Let’s call width and height x and y. So:
x * y = 200
and
x = 2 * y = 2y
If x = 2y then x * y is the same as 2y * y, which is 2y²:
2y² = 200
y² = 100
y = 10
x = 20 (because it’s 2y)
A generalised solution
The first block above gives us our two simultaneous equations.
We can generalise the same approach for all numbers. Let’s call the capacity a, and the ratio b. Using our equations from above :
x * y = a
and
x = b * y
These are our simultaneous equations. Using the same logic as above, we substitute y for x and end up with:
by² = a
Which means that
y² = a/b
and
y = sqrt(a/b)
(where “sqrt” is square root).
Then once you’ve calculated y, you can calculate x:
x = b * y
The only missing piece of the puzzle is that we are dealing with inequality, not equality. So really it’s this:
y >= sqrt(a/b)
This just means that once you get a result, you round it up to the nearest integer. Same applies to the final substitution : if b * y is not a whole number, then round it up.
When you calculate b * y, you should use y BEFORE rounding.

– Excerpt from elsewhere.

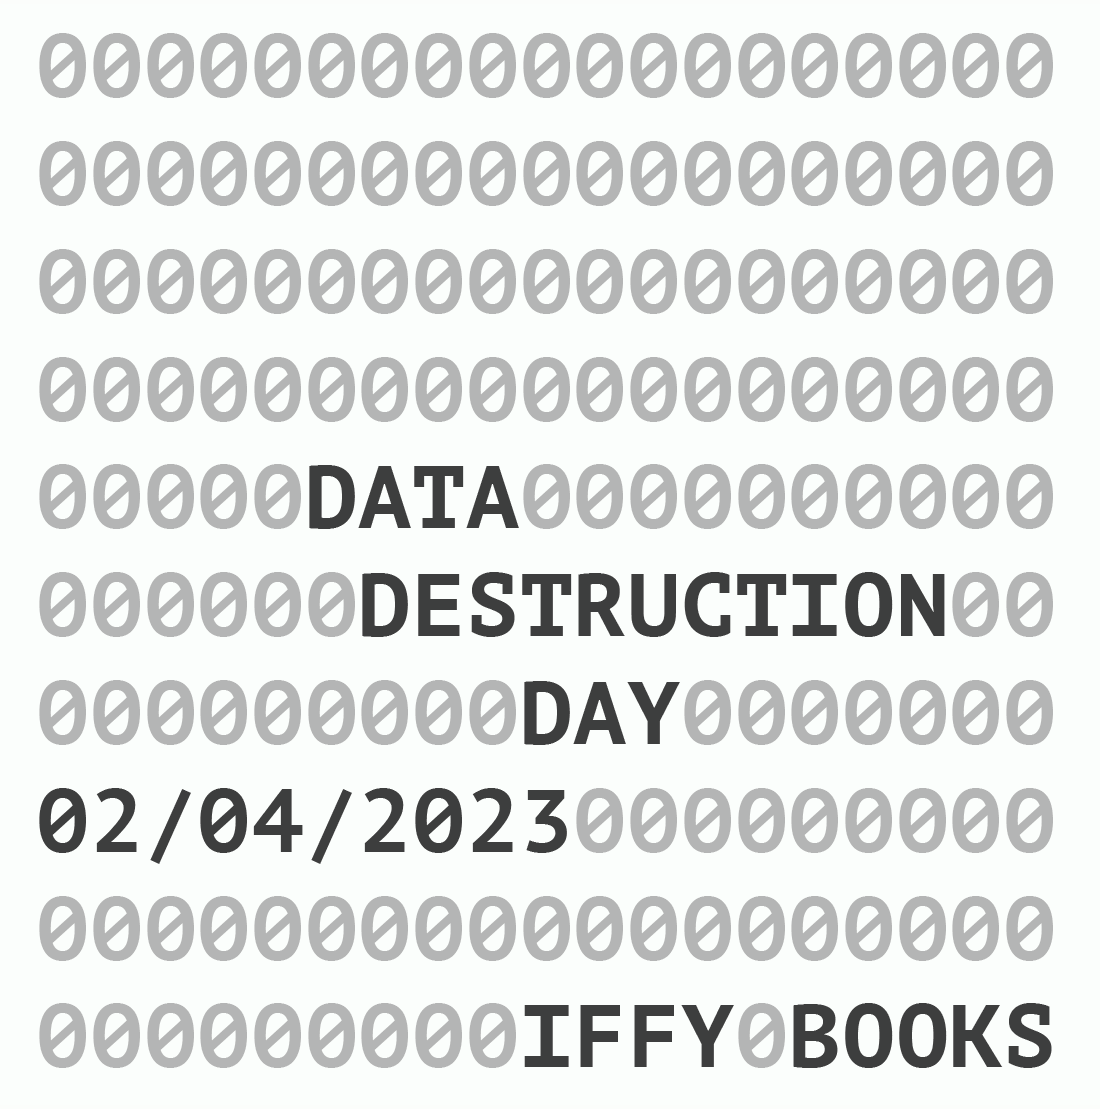 A square grid of gray zeros with the following text interspersed in black: DATA DESTRUCTION DAY 02/04/2023 IFFY BOOKS

So to finish, let’s stop being mathsy and start being softwarey. Let’s give our variables some meaningful names:
height >= sqrt(capacity / aspectRatio)
width = aspectRatio * height
If we test it with the example we used in the loop above, where aspectRatio = 1.25 and capacity = 1000, we get the same results:
Compared to the loop we started with, this scales brilliantly. It doesn’t matter how big the numbers are, the compute time is basically the same. It has a constant computational complexity, otherwise known as O(1)*. The solution above using a loop gets slower and slower depending on how big the numbers are. It has a computational complexity of O(n), so it’s not as good.
Hopefully that makes sense and I didn’t over-simplify. All feedback welcome.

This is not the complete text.